Data segment:
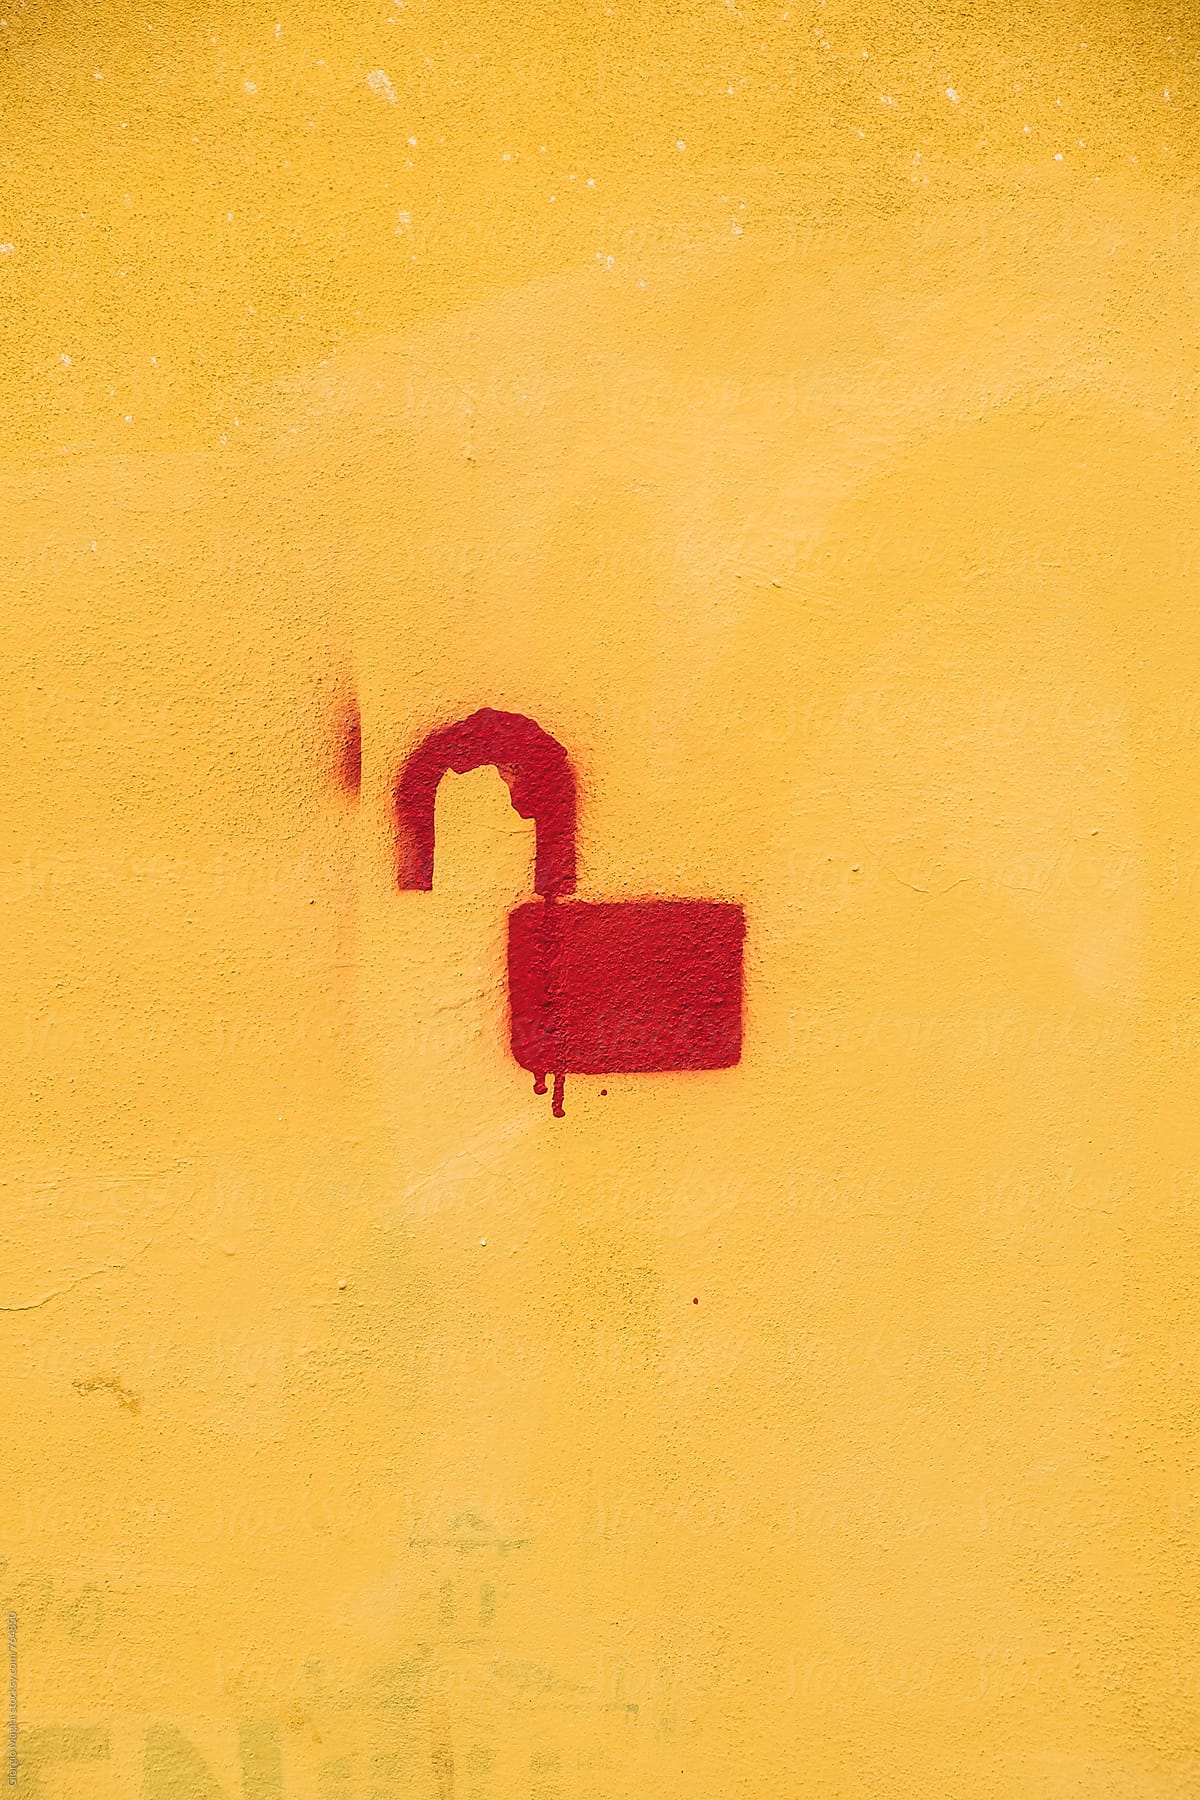 Unlocked Lock Stencil Graffiti on Yellow Plaster Wall
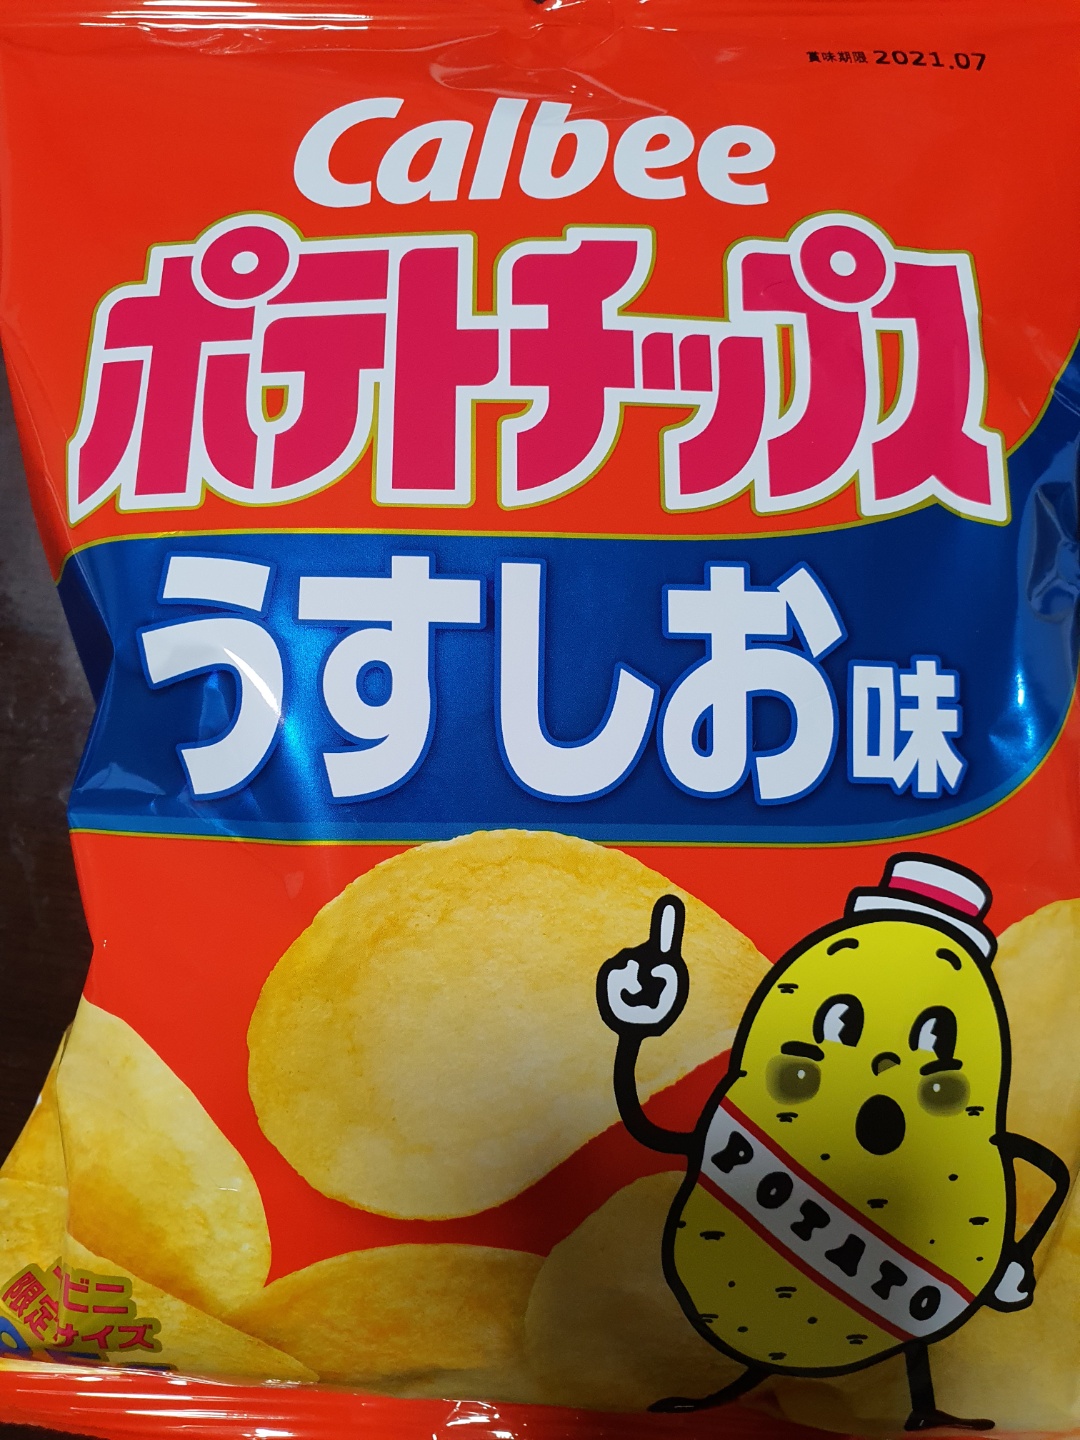 일본 인기 과자 1위 가루비 포테토칩스 우스시오아지
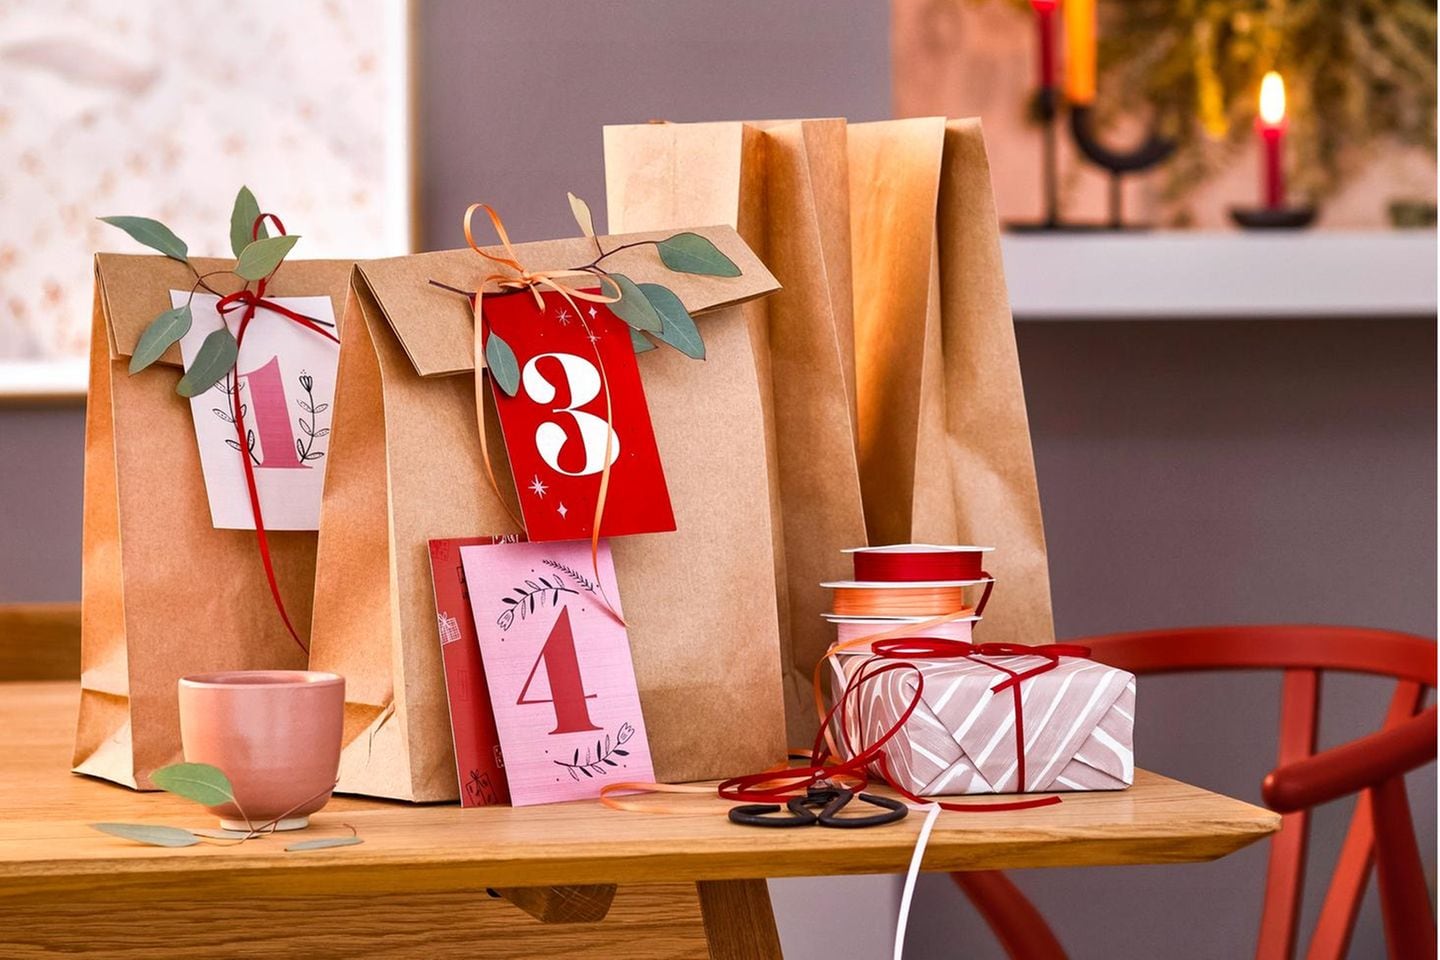 Adventstüten aus einfachem Papier mit weihnachtlichen Geschenkanhängern und Eukalyptuszweigen auf einem Holztisch
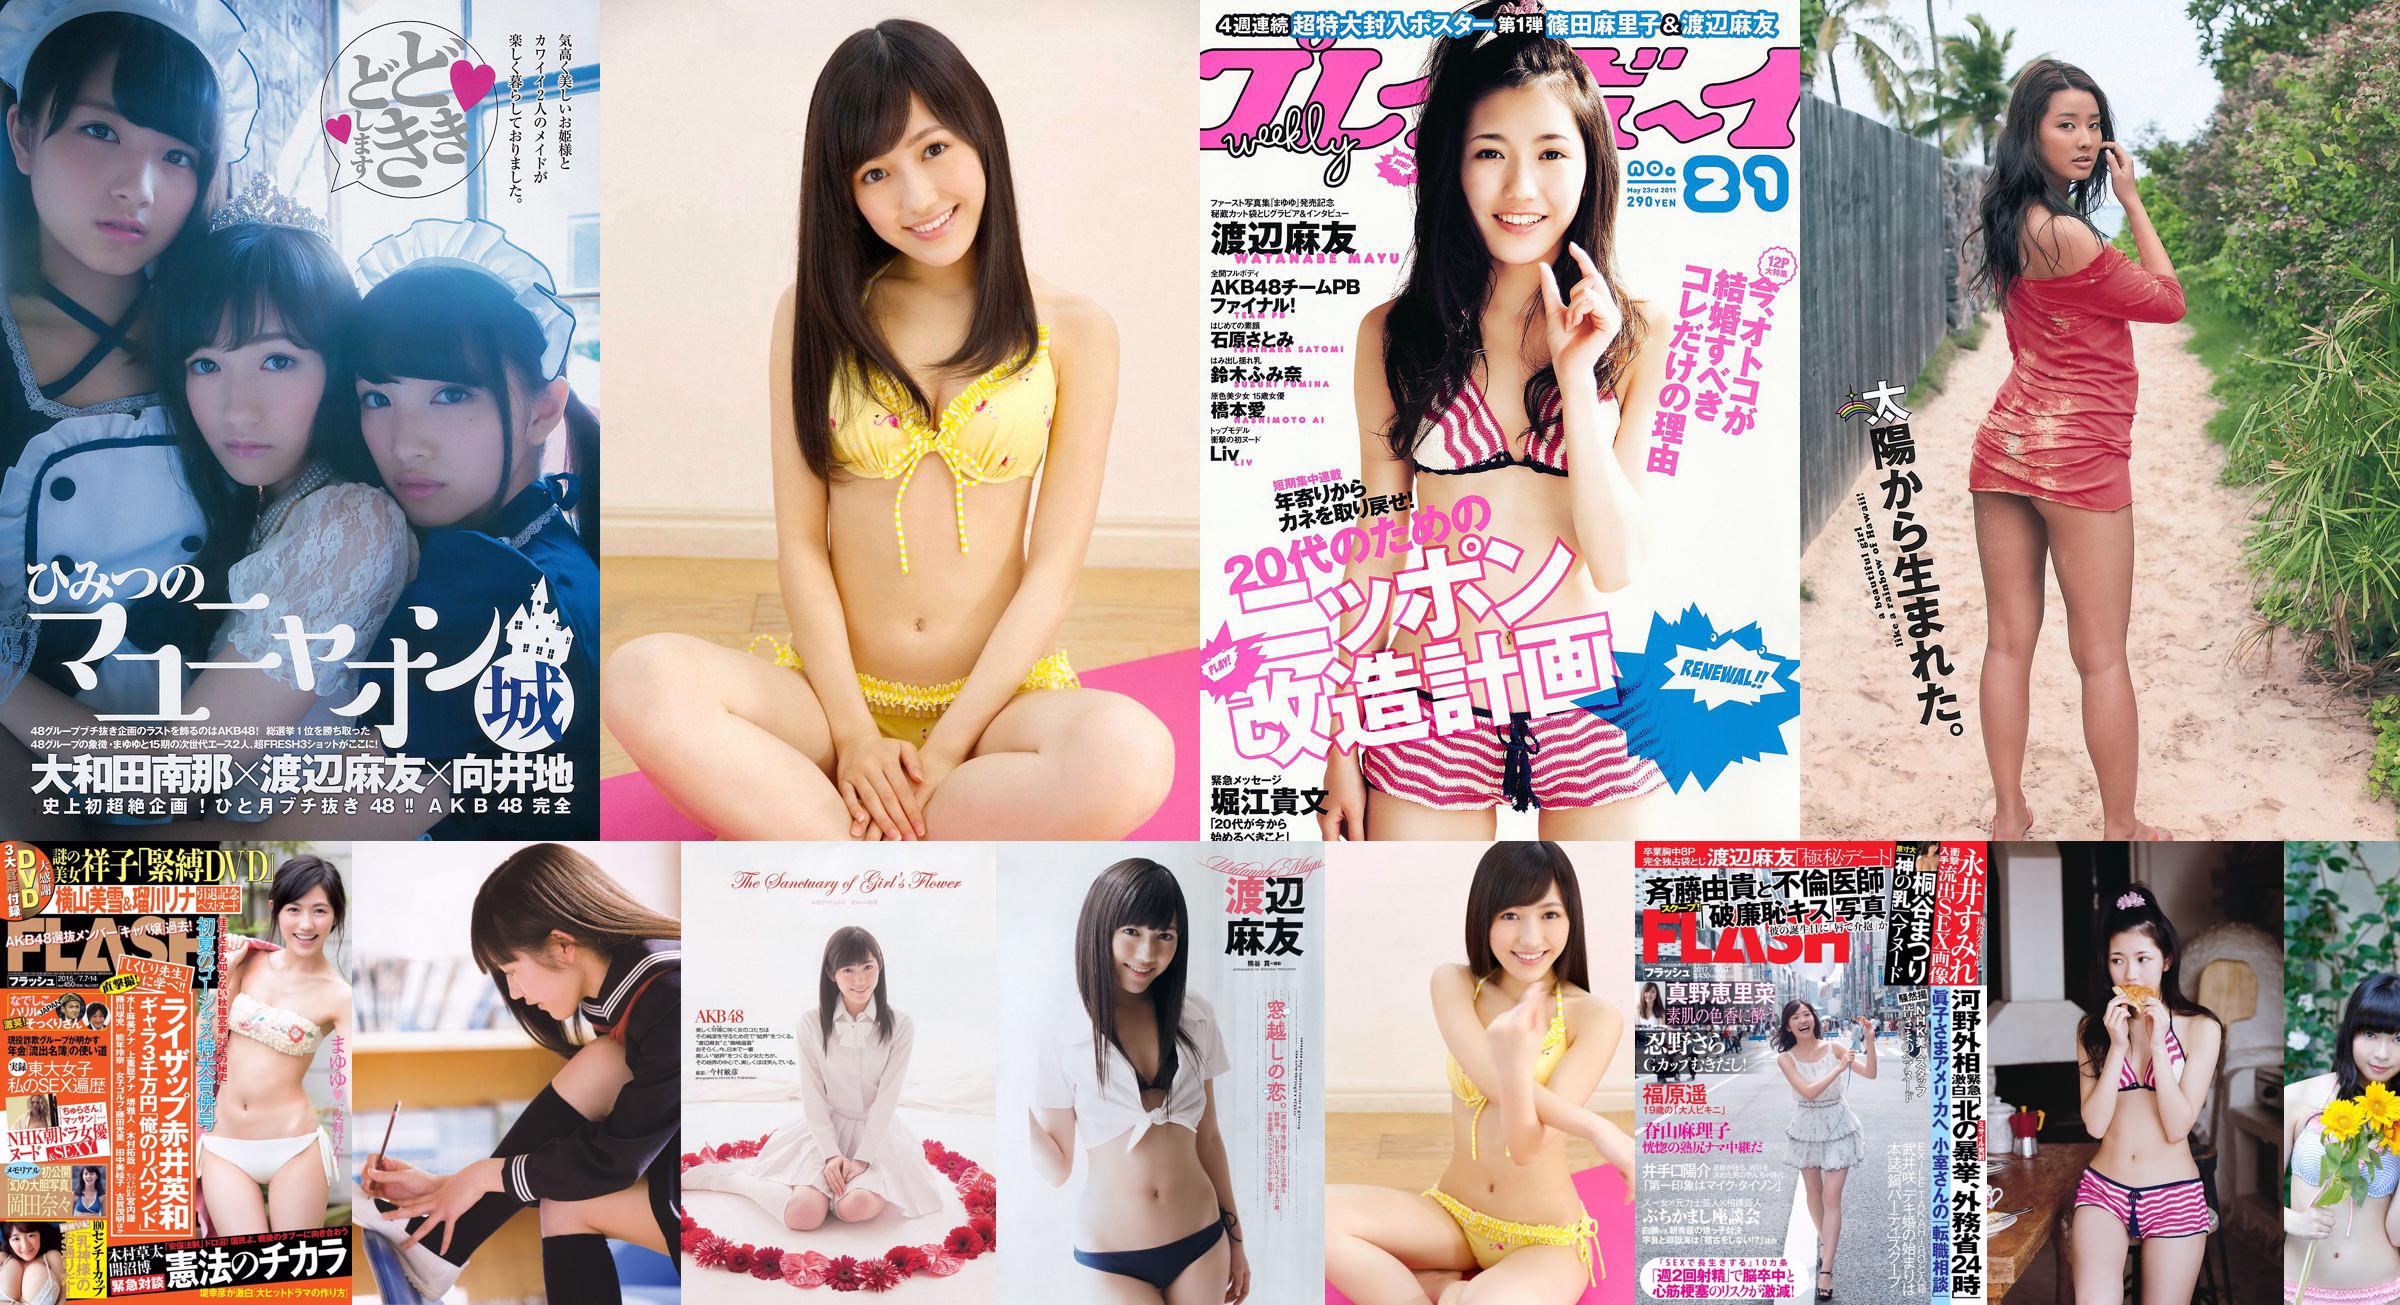 Mayu Watanabe Yuki Morisaki Yuki Wada Ayaka Wada Hanane Fukuda Fumiko Mizuta Yuzuki Aikawa Chika Sakai [Weekly Playboy] 2013 No.17 Photographie No.01d78f Page 1

What to do:
Please retype the lines from the one that contains "일본 인기 과자 1위 가루비 포테토칩스 우스시오아지" through the final line of the data, both included, without any pictures.

Task output:
 일본 인기 과자 1위 가루비 포테토칩스 우스시오아지
 Adventstüten aus einfachem Papier mit weihnachtlichen Geschenkanhängern und Eukalyptuszweigen auf einem Holztisch
 Mayu Watanabe Yuki Morisaki Yuki Wada Ayaka Wada Hanane Fukuda Fumiko Mizuta Yuzuki Aikawa Chika Sakai [Weekly Playboy] 2013 No.17 Photographie No.01d78f Page 1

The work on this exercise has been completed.